### Supplied material ###

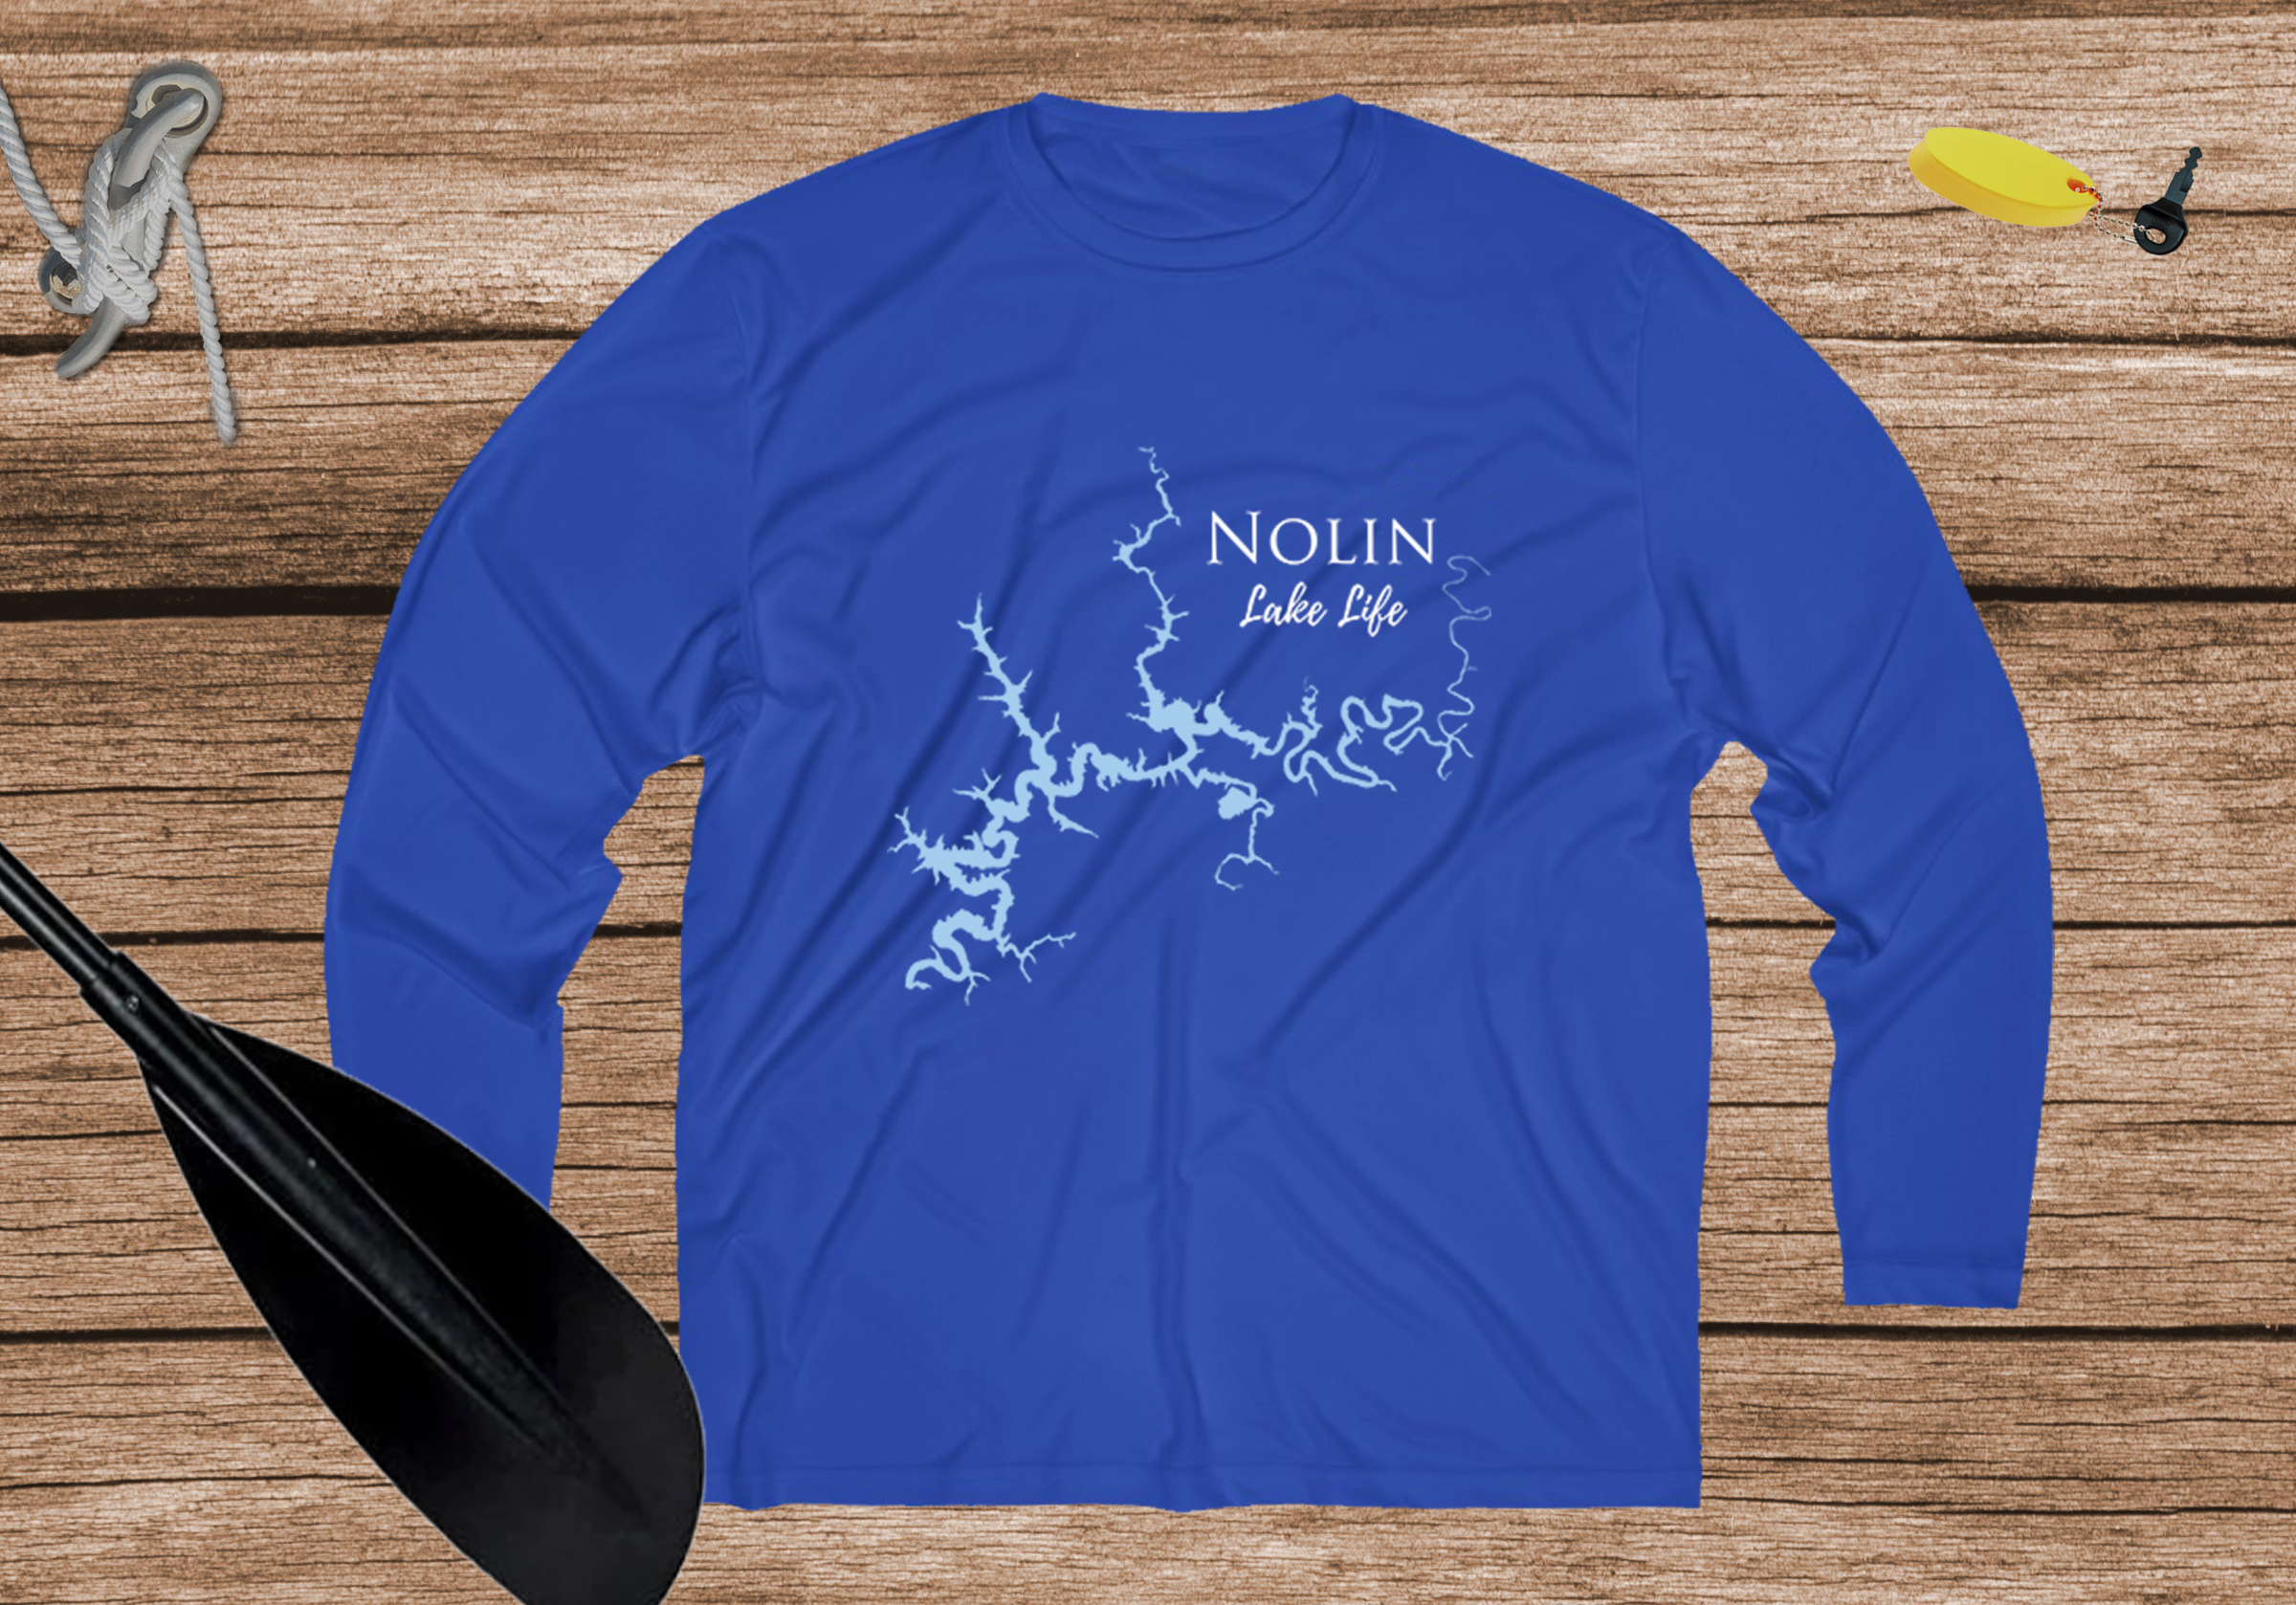 Nolin Lake Life Dri-fit Boating Shirt - Breathable Material- Men's Long Sleeve Moisture Wicking Tee - Kentucky Lake
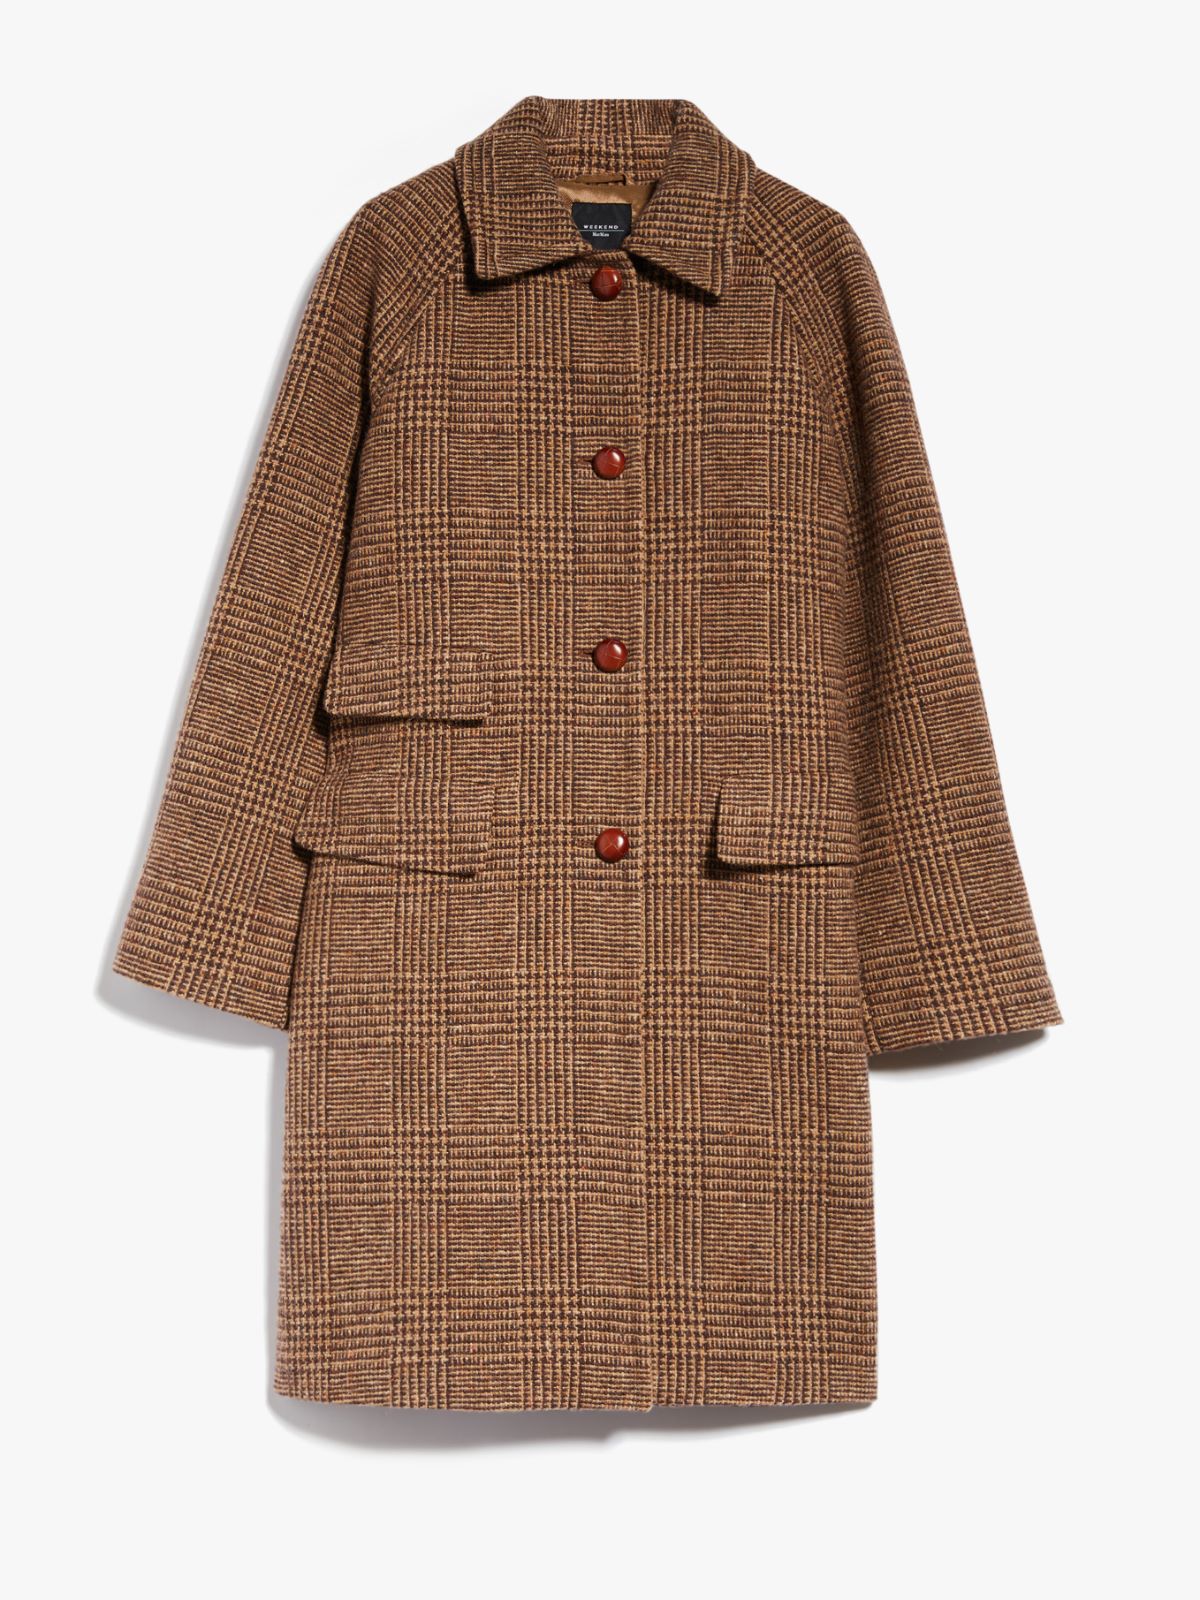 Wool tweed coat - HAZELNUT BROWN - Weekend Max Mara - 5
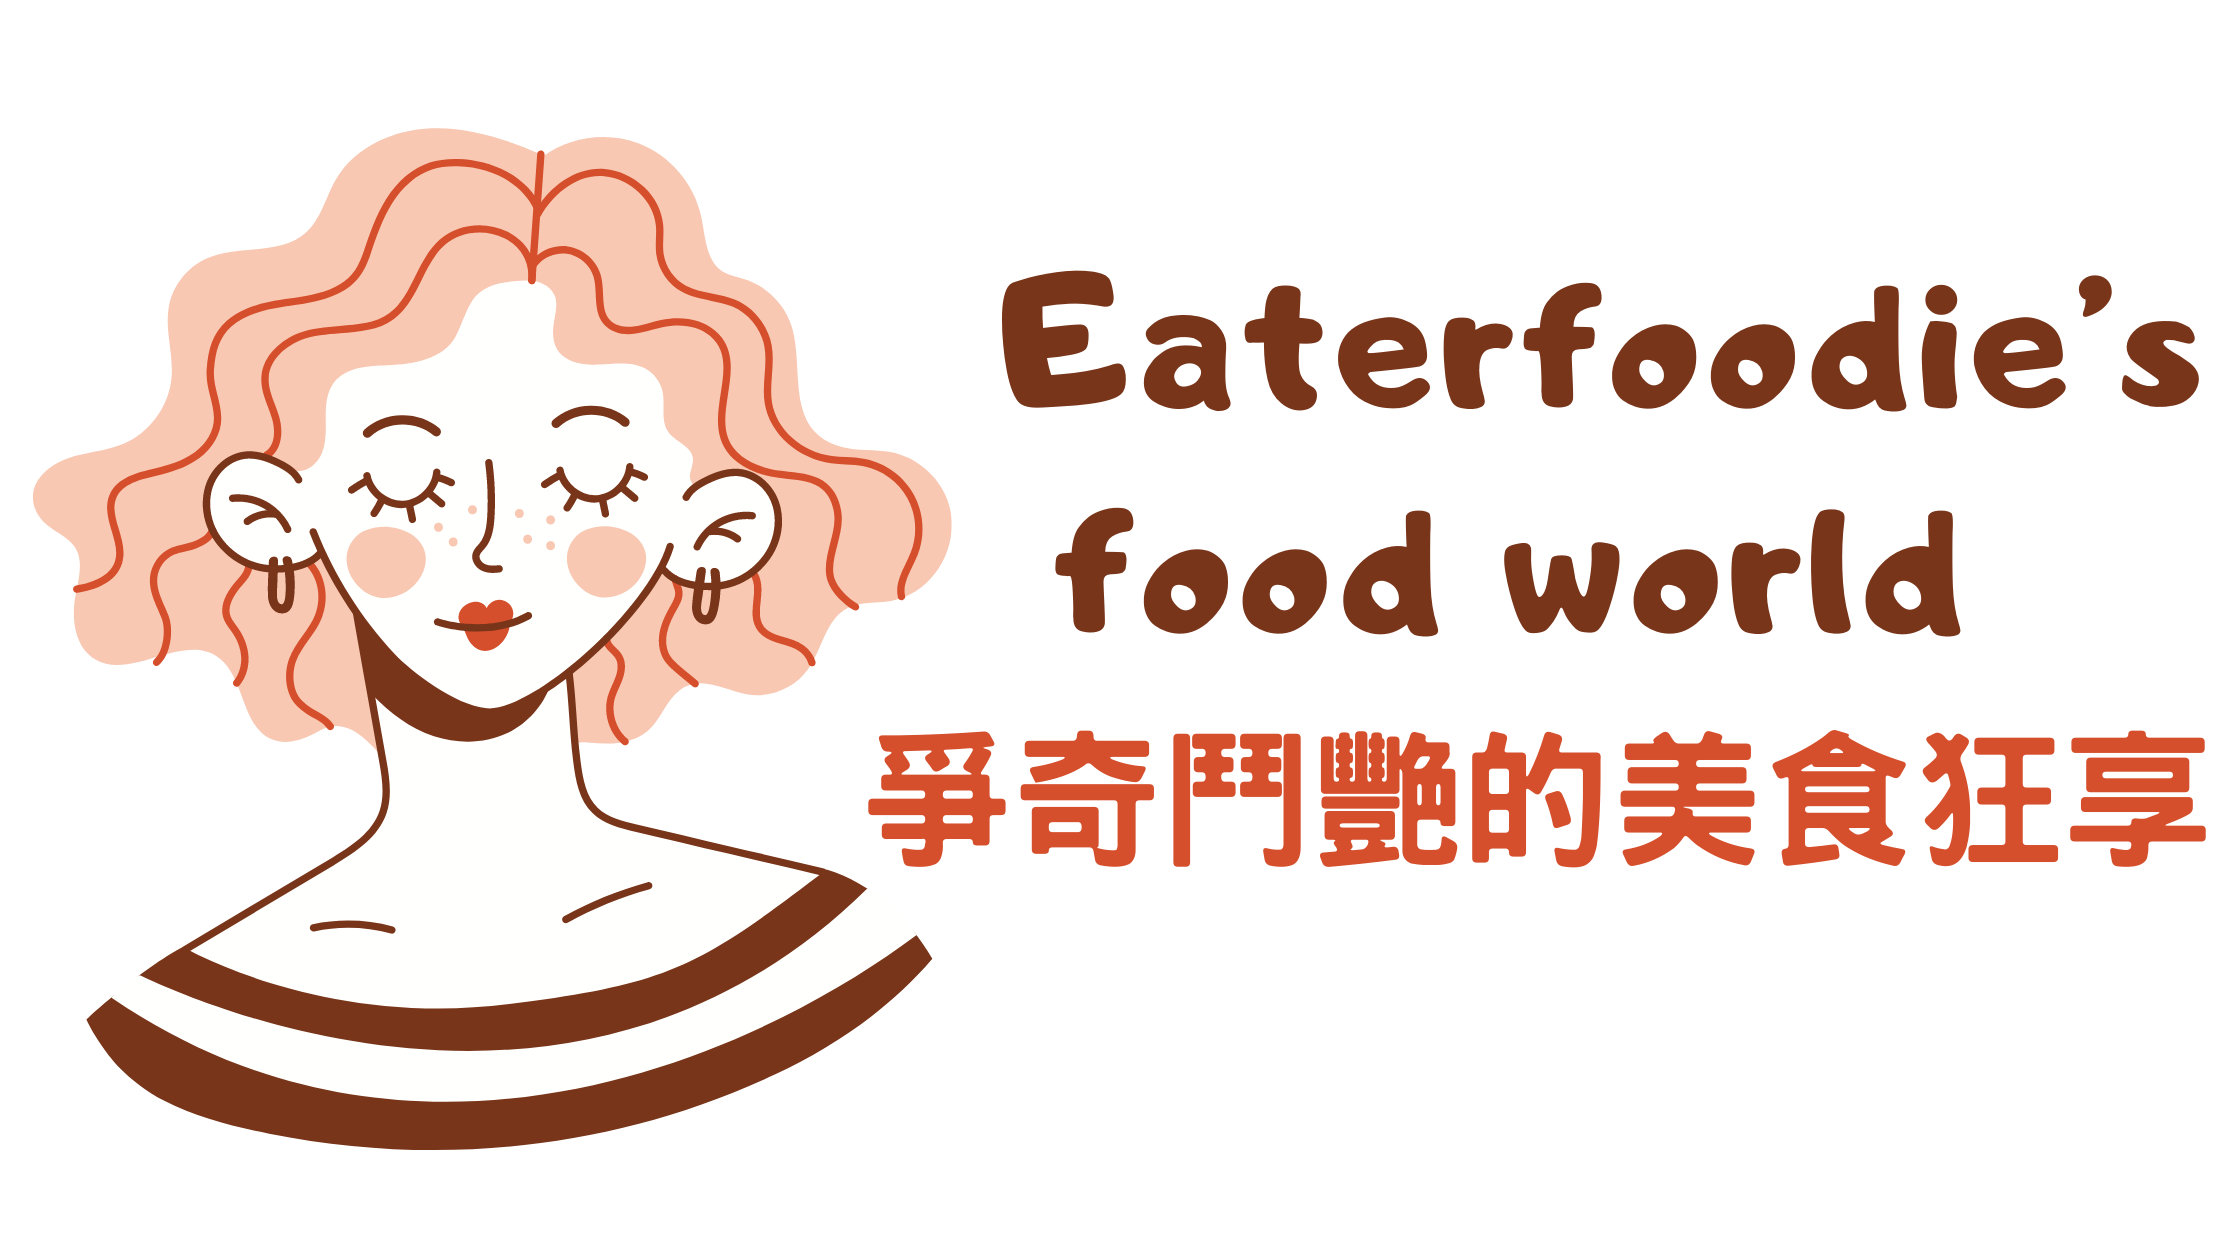 Eaterfoodie's Food World

###

Reproduce the material above exactly but drop all images.

Answer section -
 Nolin Lake Life Dri-fit Boating Shirt - Breathable Material- Men's Long Sleeve Moisture Wicking Tee - Kentucky Lake
 Wool tweed coat - HAZELNUT BROWN - Weekend Max Mara - 5
 Eaterfoodie's Food World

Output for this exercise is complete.